Eye For Film >> Movies >> Lethal Weapon (1987) Film Review
Lethal Weapon
Reviewed by: Stephen Carty
Before it became an increasingly-cartoony, although still decent, action series, the Lethal Weapon franchise started off brilliantly. From director Dick ‘Superman’ Donner (who’d helm all four instalments) and screenwriter Shane ‘Predator’ Black (who, tellingly, left after the second), it manages a better balance of emotion, humour and action than the progressively more explosion-orientated follow-ups.
Having had suicidal tendencies ever since the death of his wife, grief-stricken cop Martin Riggs (Mel Gibson) is paired with older, by-the-book Sergeant Roger Murtaugh (Danny Glover), who is close to retirement. While, at first, Roger is anxious that Riggs crazy methods will get him killed, a friendship develops as they start working a murder case which isn’t as simple as it first appears.

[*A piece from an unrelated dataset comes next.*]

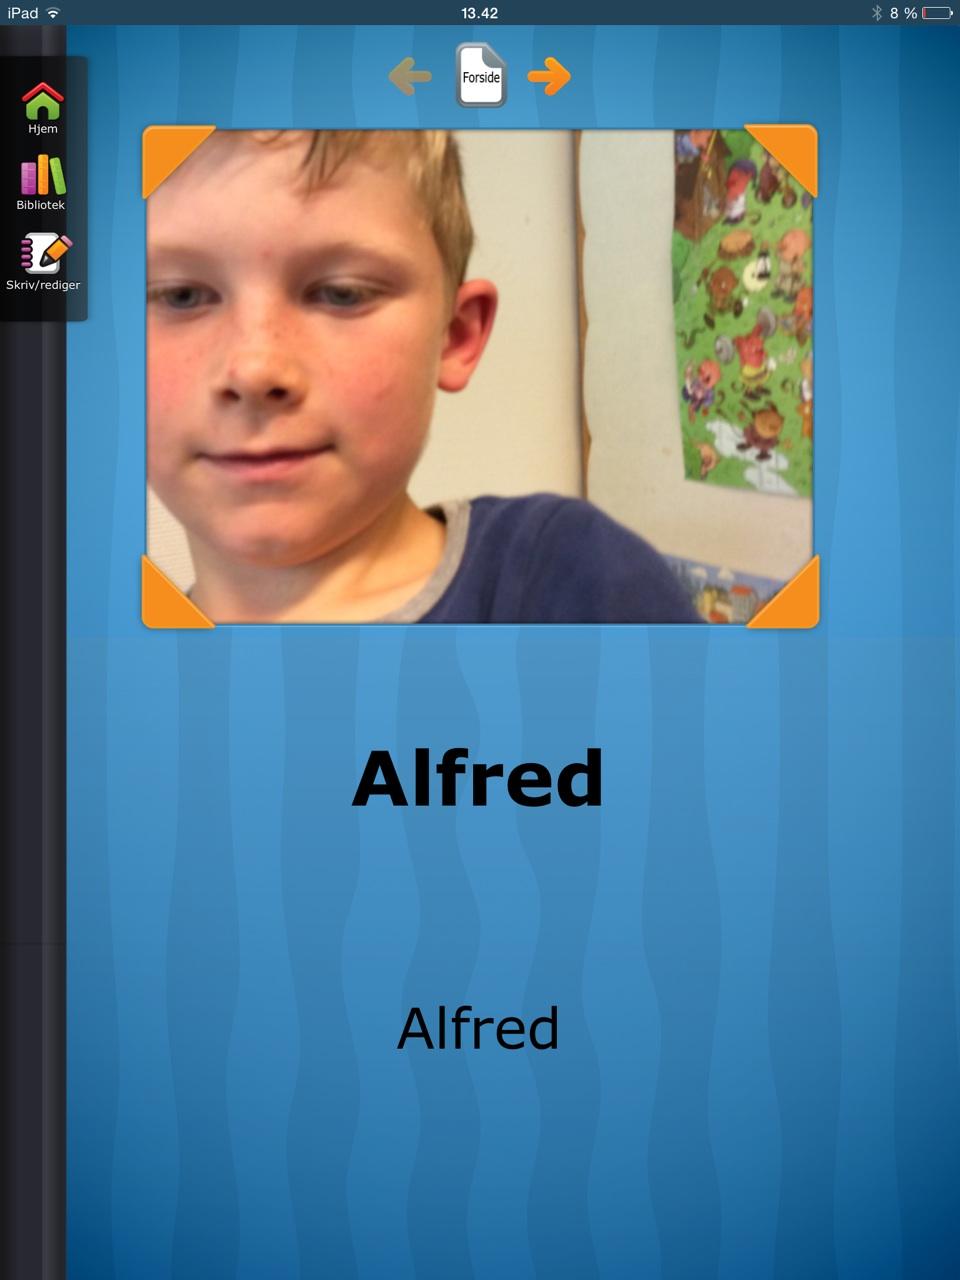 alfred 3.jpg

It’s the substance which makes this first instalment the cream of the Lethal crop. Sure, Uncle Dick carries on the emotional threads in the later movies and there were some excellent scenes peppered throughout, but they are never as personal or important story-wise as here. Riggs breaking his TV in a fit of rage, then later consumed with loss on the brink of shooting himself… it's powerful stuff that we don’t usually see in the genre. While instalments 2 to 4 were enjoyable setpiece-heavy actioners, where the cop-case was front and centre, here it’s our character’s personal journeys that drive the narrative.

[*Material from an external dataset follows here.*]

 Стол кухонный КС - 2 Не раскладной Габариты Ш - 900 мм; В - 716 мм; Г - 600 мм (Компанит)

And yet, while Donner’s original is undoubtedly the most serious of the four, it remains both fun and humorous. The banter is often contagious, there are some great one-liners (“Let’s do what one shepherd said to the other shepherd, let’s get the flock out of here”) and there’s the biggest mobile phone you’ll see on screen. Of course, there’s also plenty of action. Truthfully, it all feels a bit too much towards the end, but the scenes when Mel’s suicidal copper confronts a sniper and takes a high jump offer plenty of danger and tension.
Best of all, though, is the chemistry-oozing camaraderie our new partners share. On one side you’ve got the black, rule-abiding family man, on the other you’ve got the white loner who defines the terms ‘loose-cannon’. In any other movie, Glover would walk away with it, but truthfully Lethal Weapon is Gibson’s party. All wide-eyed insanity, flaring nostrils and twitching movements, Gibson’s got intensity on tap, balancing internal grief with edgy energy and natural comic timing for the performance of his career.
More serious, but just as funny and full of action, Lethal Weapon is easily the best of the series.